Надев на лампу защитное стекло, она направилась в спальню.

Эти слова отозвались у Тома в голове многократным эхом, и его охватило отчаяние. Он не чувствовал сладкого аромата жасмина, которым был пропитан ночной воздух.

Глава 16

В первый же вечер на Янусе ветер с завыванием обрушился на башню маяка, проверяя на прочность толстые стекла световой камеры. Включив маяк, Том вернулся мыслями к спору с Изабель, который произошел сразу после отбытия катера.

Она была непреклонна.

— Мы не можем изменить того, что случилось, Том. Ты думаешь, я не пыталась найти выход? — Она прижимала к груди куклу, которую подобрала с пола. — Люси — счастливая и здоровая маленькая девочка. Оторвать ее от нас… Том, это просто немыслимо! — Она нервно перекладывала постельное белье из корзины в шкаф. — Хорошо это или плохо, но что случилось, то случилось! Люси обожает тебя, и ты обожаешь ее, и у нас нет никакого права лишать ее любящего отца!
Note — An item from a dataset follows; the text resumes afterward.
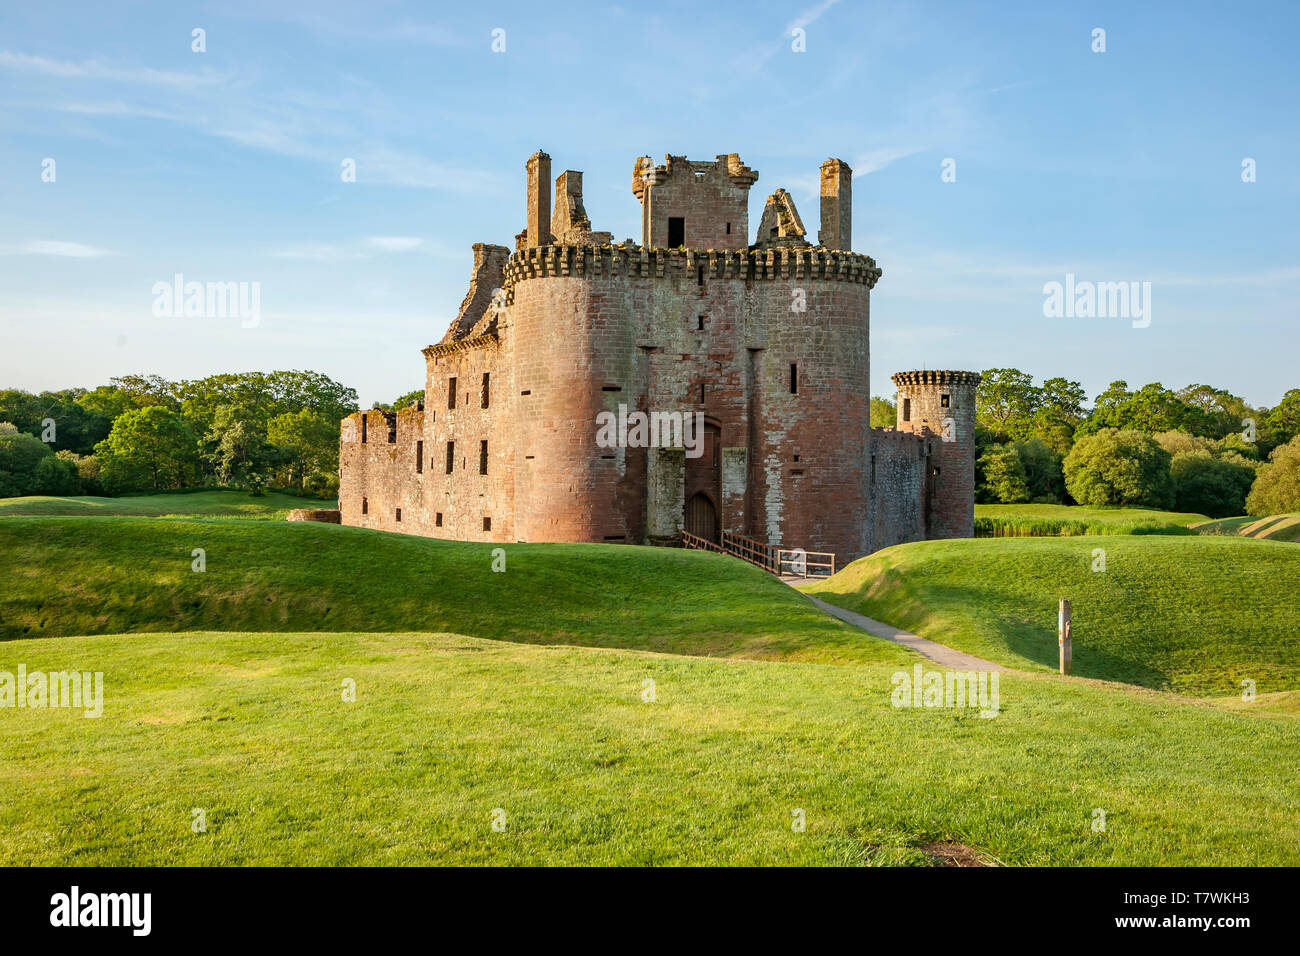 Caerlaverock Castle-Caerlaverock Castle is a moated triangular castle first built in the 13th century. It is located on the southern coast of Scotland Stock Photo

— А как насчет ее любящей матери? Ее живой матери? Разве это справедливо, Изз?

Изабель вспыхнула:

— А разве справедливо, что я потеряла троих детей? Разве справедливо, что Элфи и Хью похоронены за тысячи миль отсюда, а ты цел и невредим? Конечно, несправедливо, Том, совсем несправедливо! Но такова жизнь, и надо принимать ее такой, какая она есть!

Она затронула его самое больное место. Все эти годы он не мог избавиться от гнетущего чувства вины, будто обманул не смерть, а своих товарищей, и тем, что остался цел и невредим, он обязан им, а не чистой случайности. Изабель, видя, как он болезненно скривился, смягчилась.

— Том, мы должны поступить правильно, а это значит — как лучше для Люси!

— Иззи, послушай…

Она не дала ему договорить.

— Хватит об этом, Том! Единственное, что мы можем сделать, так это любить нашу маленькую девочку, как она того заслуживает! И никогда, слышишь, никогда не делать ей больно! — Прижимая к себе куклу, она выбежала из комнаты.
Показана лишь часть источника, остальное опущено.